• Arne Nordheim
  • Strygekvartet (1956)
    (String Quartet)

  • Edition Wilhelm Hansen Copenhagen (World)
  • str4tet
  • 18 min

Programme Note

The String Quartet is regarded by the composer himself as his first major work. Two important models for Nordheim are present in this work as sources of inspiration; namely, Béla Bartók and the Norwegian Fartein Valen. On another discourse level, we sense here a characteristically Mahlerian expressivity; longing and dis-ease.

Already in this early work we find several important elements in Nordheim's style. The first movement, Lento quasi una improvisazione, is notable for its easy developmental flow. Melodic lines of nearly recitative-like character are delicately spun out from small motivic cells. The procedure invites comparison with Bartokian line-play and Mahler's melodic ornamentation. We now experience Nordheim delving, however, into quite unique expressive registers. 'Soundblocks' of a fairly static character also impose themselves in the musical space, creating tension and unresolved expectations.
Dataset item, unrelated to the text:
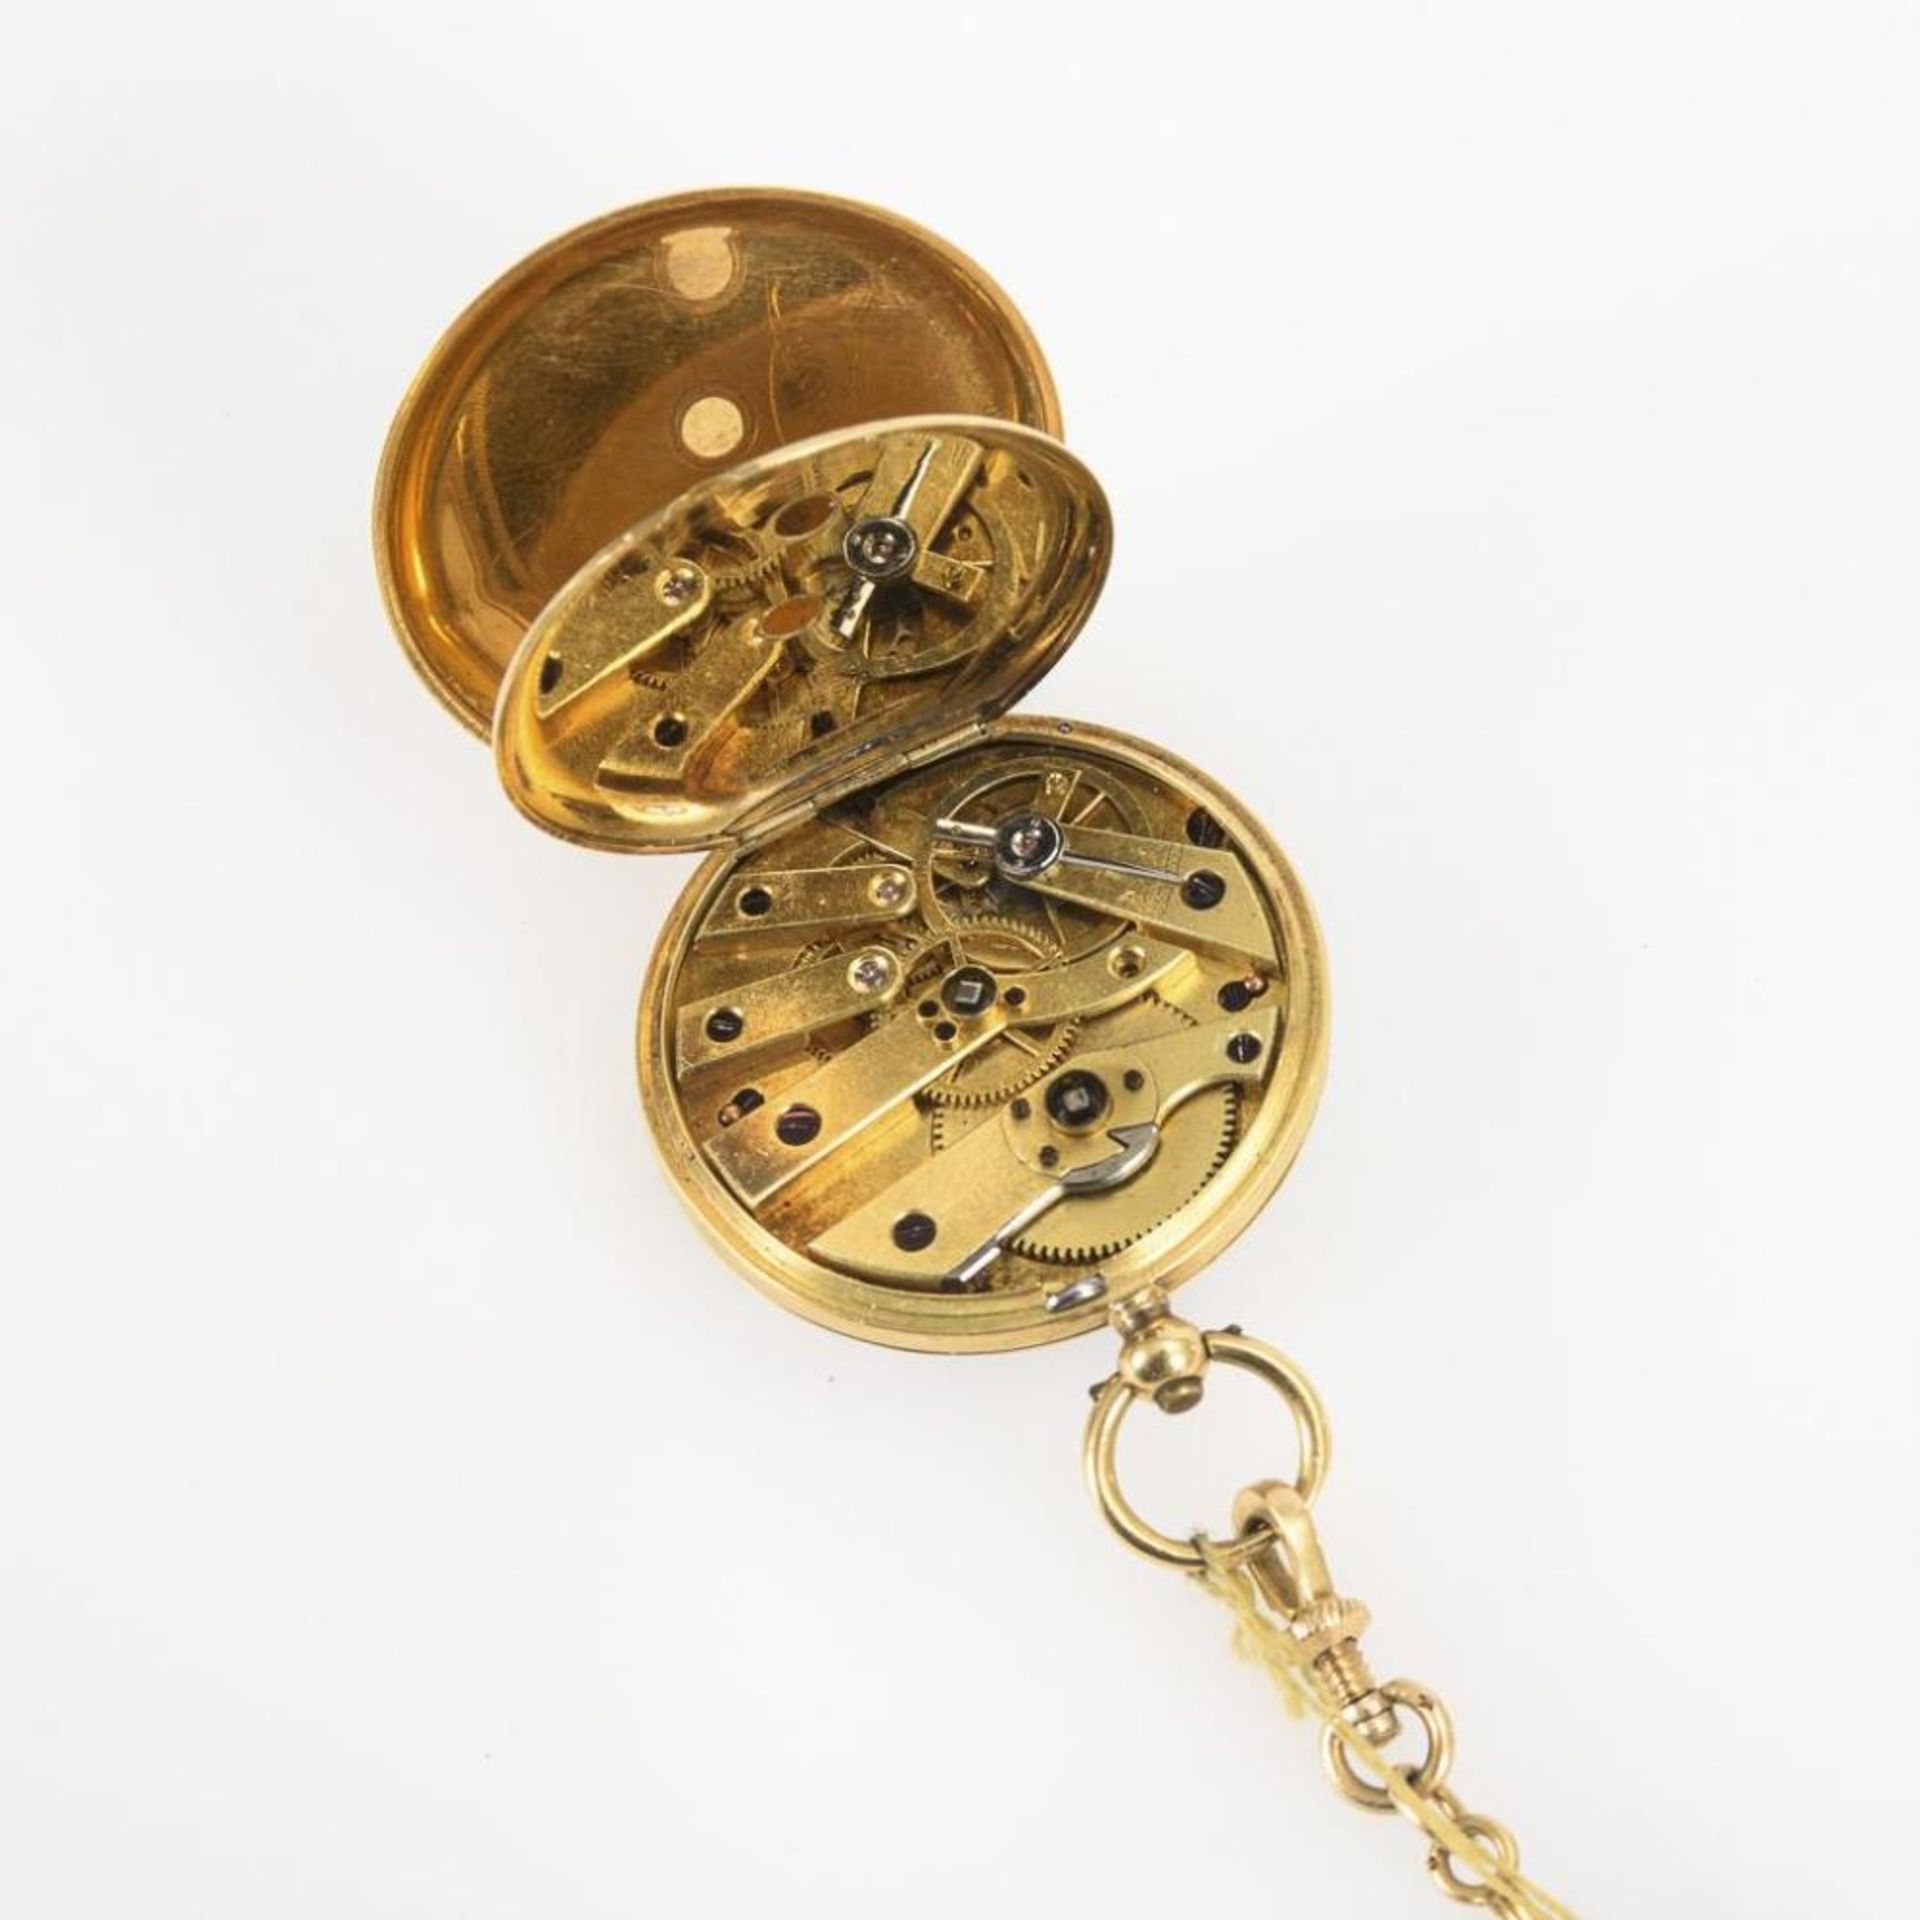 Goldene Damentaschenuhr an Uhrenkette. - Image 3 of 5

The second movement is brooding, unsettled, and no gestures in the direction of a resolution are forthcoming. On the contrary, a general temporal paralysis imposes itself ever more strongly at times on the musical discourse. Epitaffio, the third and the final movement, is permeated in contrast by a beautiful thematic and spatial pellucidity. The violin's melodies waft limpidly above groundwaves of tone in the deeper strings. The expression seems fervent, a resigned longing. Nordheim' s String Quartet stands as an exemplar of artful temporal manipulation and how distinctly musical and semantic discourse universes (eternity, transitoriness, expectation) may be approximated.